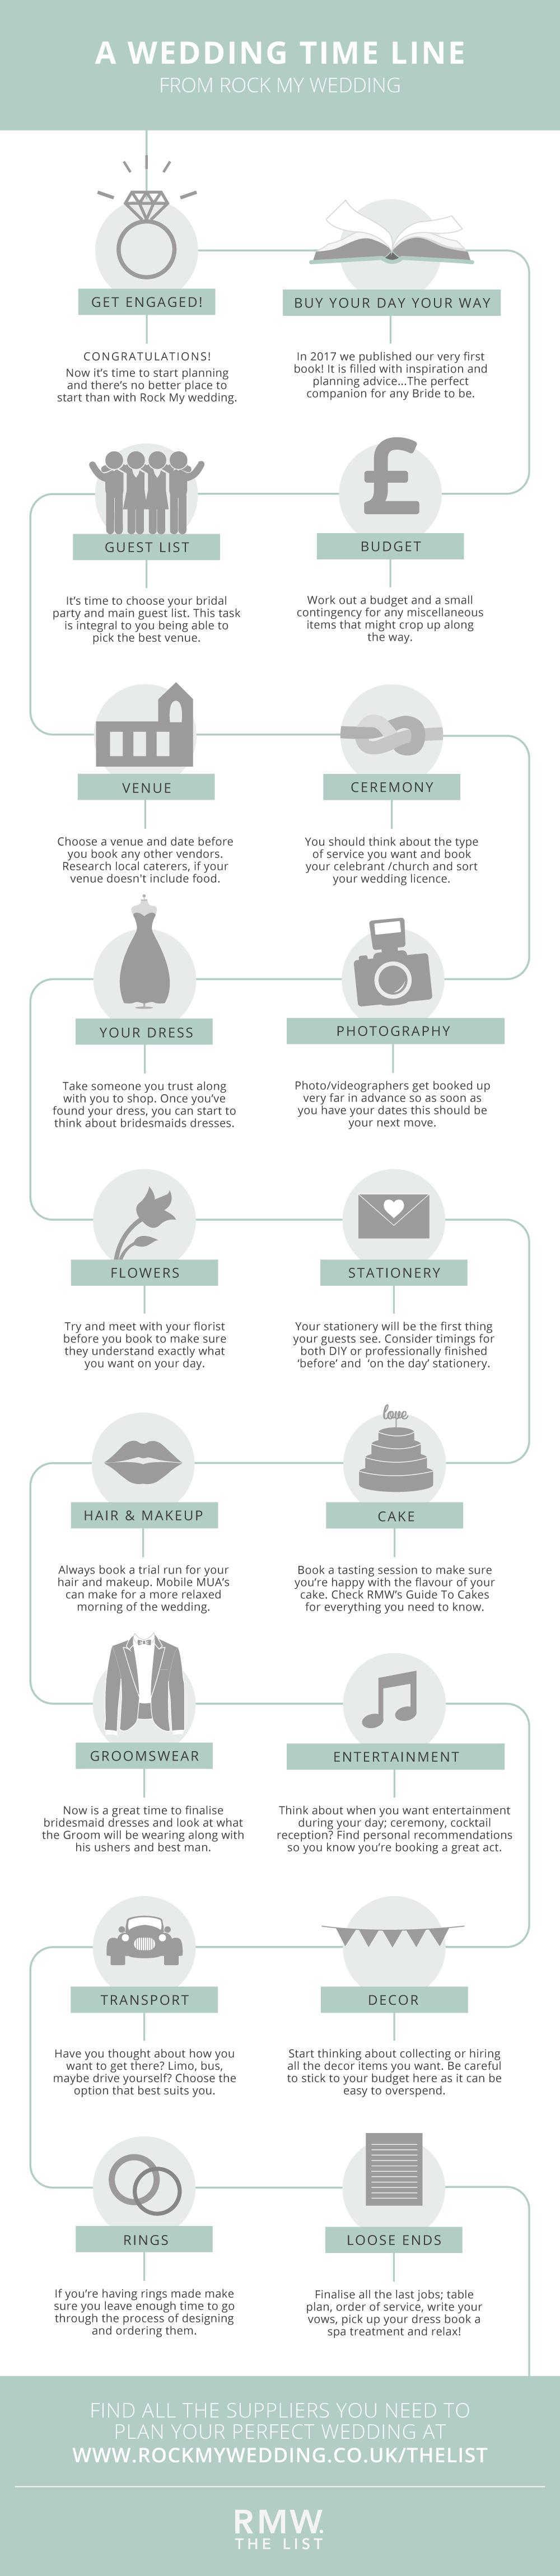 Wedding Planning Timeline From Rock My Wedding
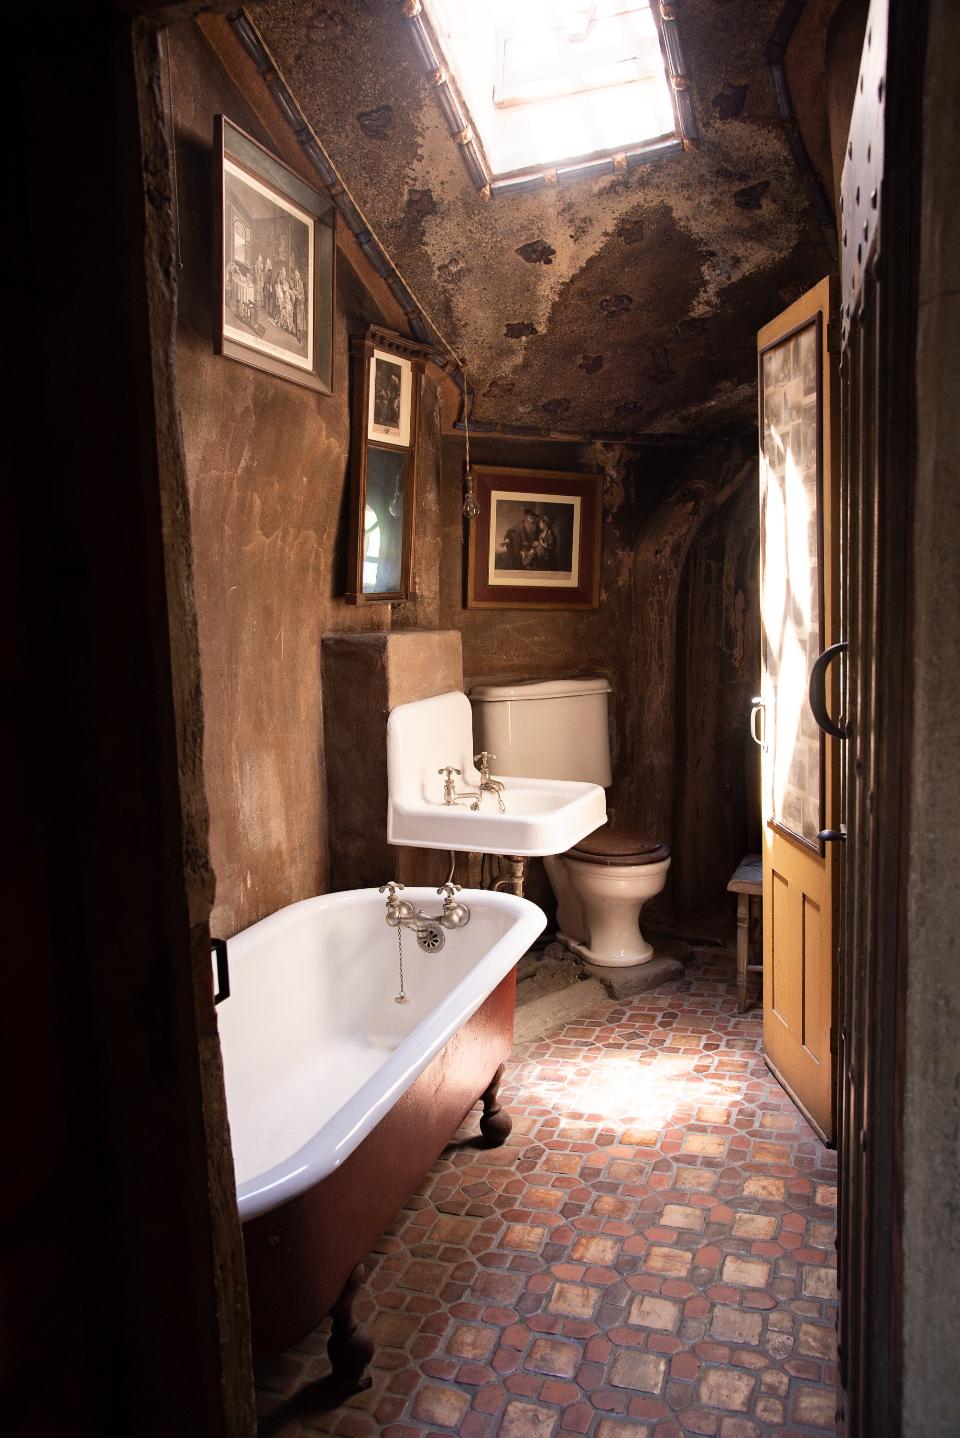 Free Photo of antique, bathroom, house - StockSnap.io on Rustic:s9Dkpzirpk8= Farmhouse Bathroom  id=19514
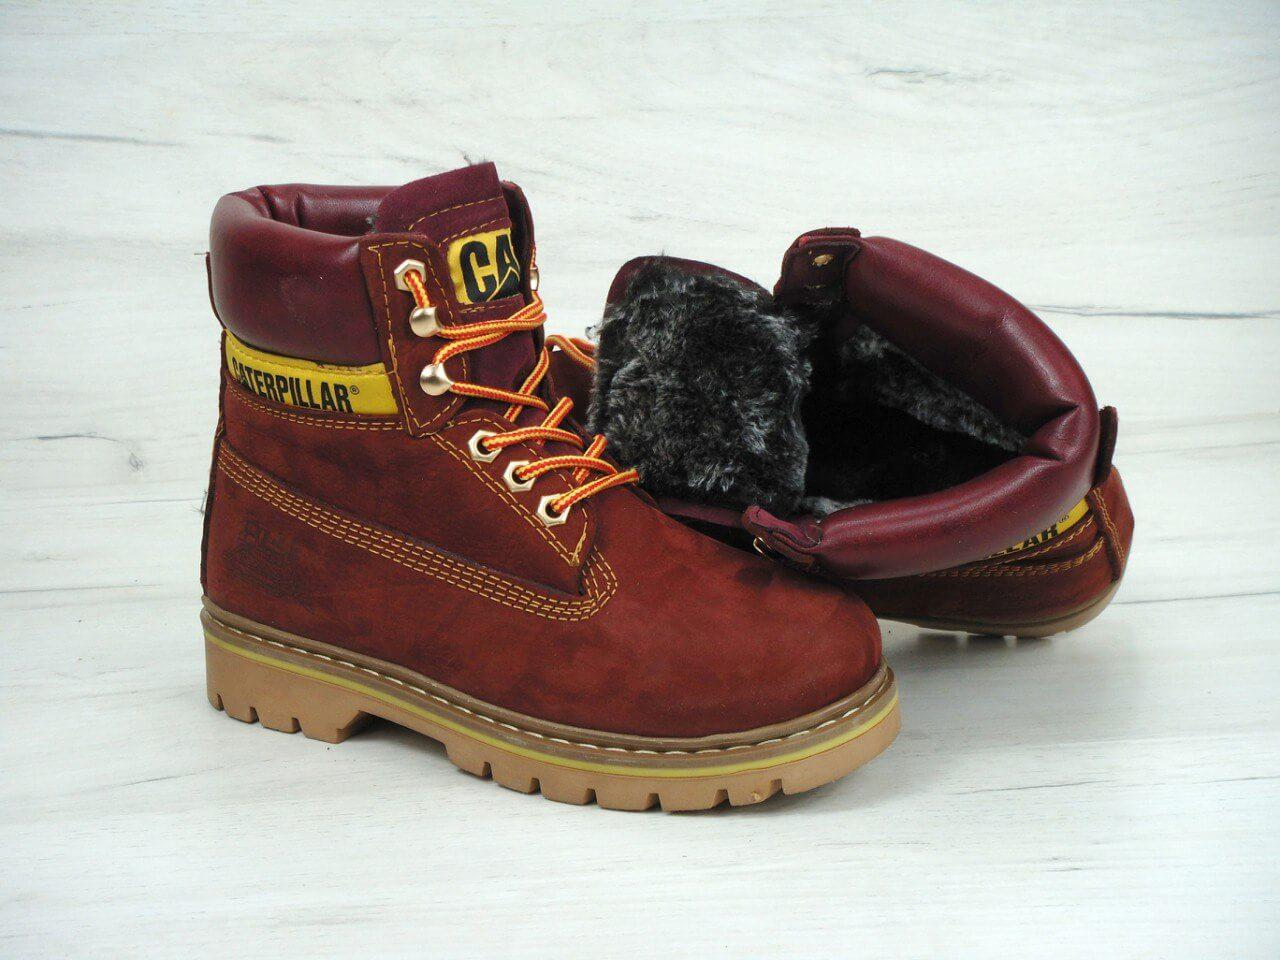 Женские ботинки Caterpillar Winter Boots Classic Bordo, фото 1
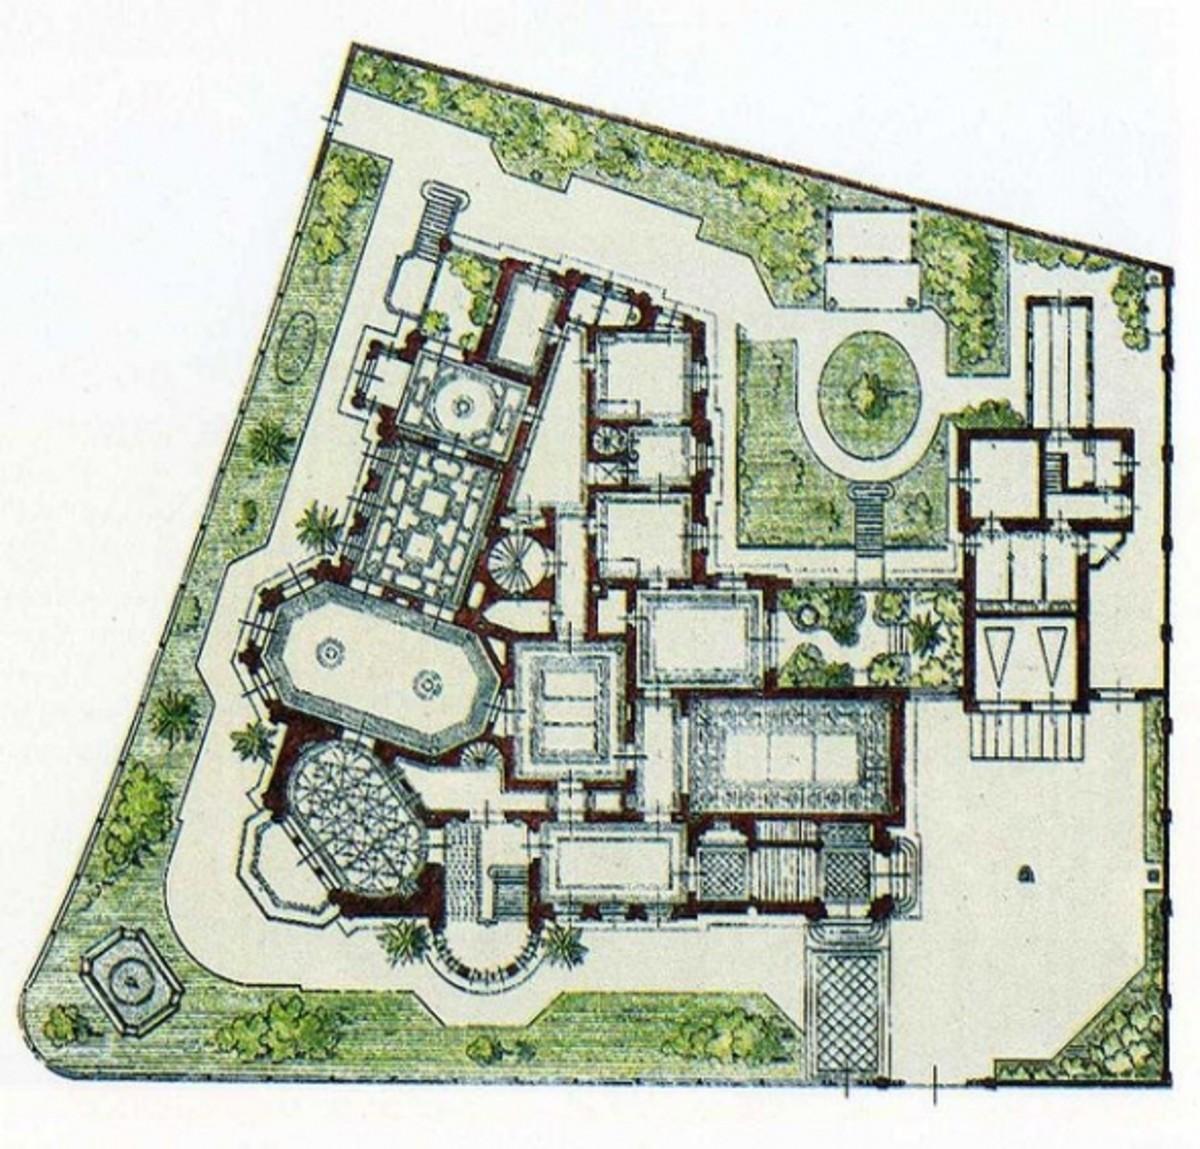 Original drawing by Russian Architect Harald Julius von Bosse
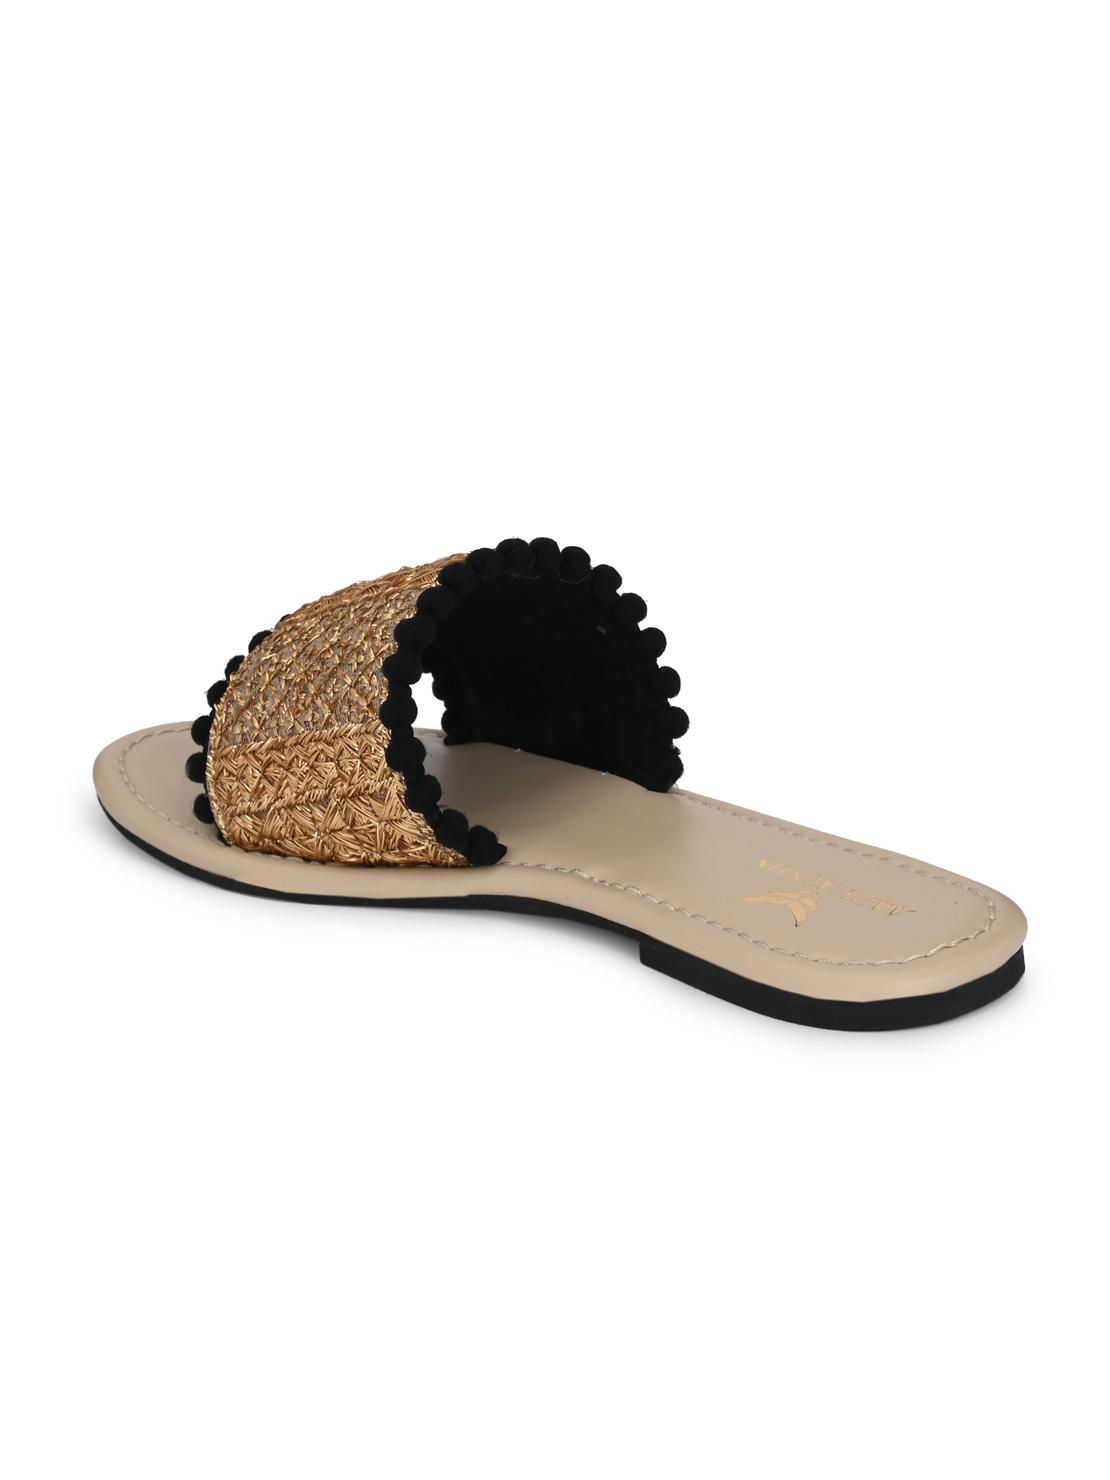 AADY AUSTIN | Aady Austin Open Toe Flats
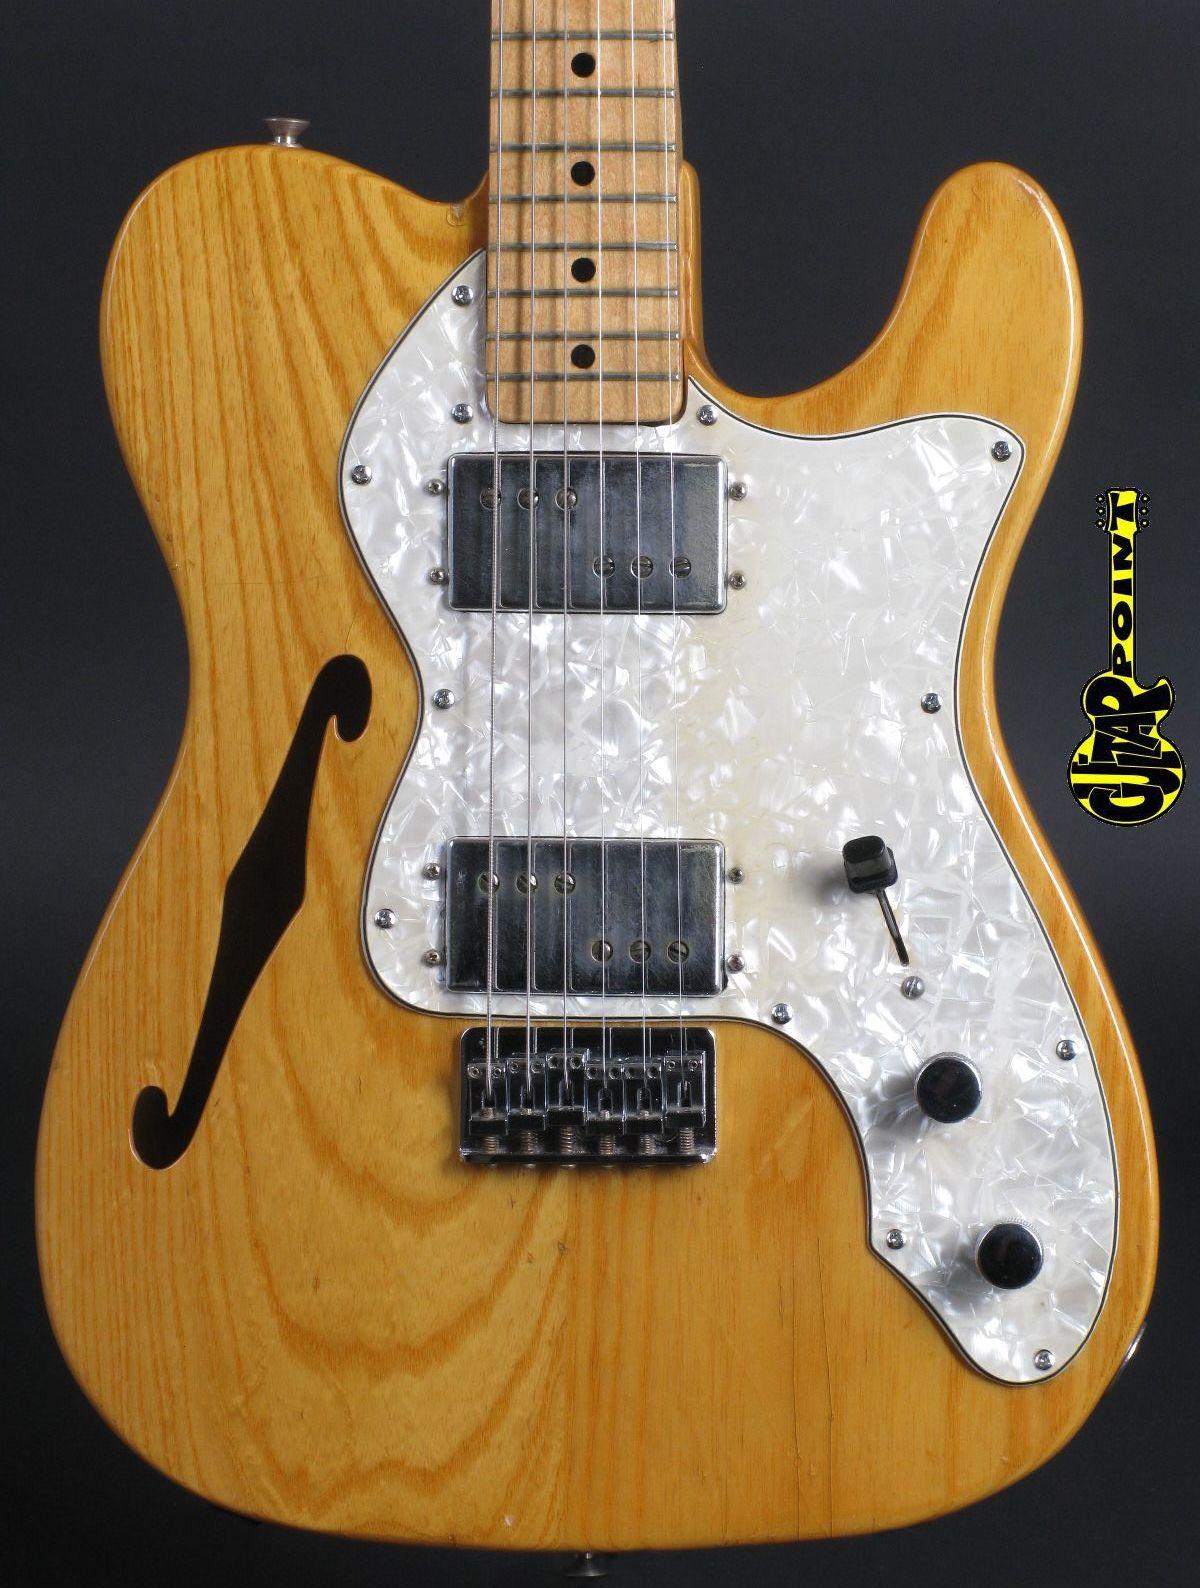 1973 Fender Telecaster Thinline II - Natural

What to do.
Without the pictures, return the records above exactly as written.

Answer box.
 Wedding Planning Timeline From Rock My Wedding
 Free Photo of antique, bathroom, house - StockSnap.io on Rustic:s9Dkpzirpk8= Farmhouse Bathroom  id=19514
 Женские ботинки Caterpillar Winter Boots Classic Bordo, фото 1
 Original drawing by Russian Architect Harald Julius von Bosse
 AADY AUSTIN | Aady Austin Open Toe Flats
 1973 Fender Telecaster Thinline II - Natural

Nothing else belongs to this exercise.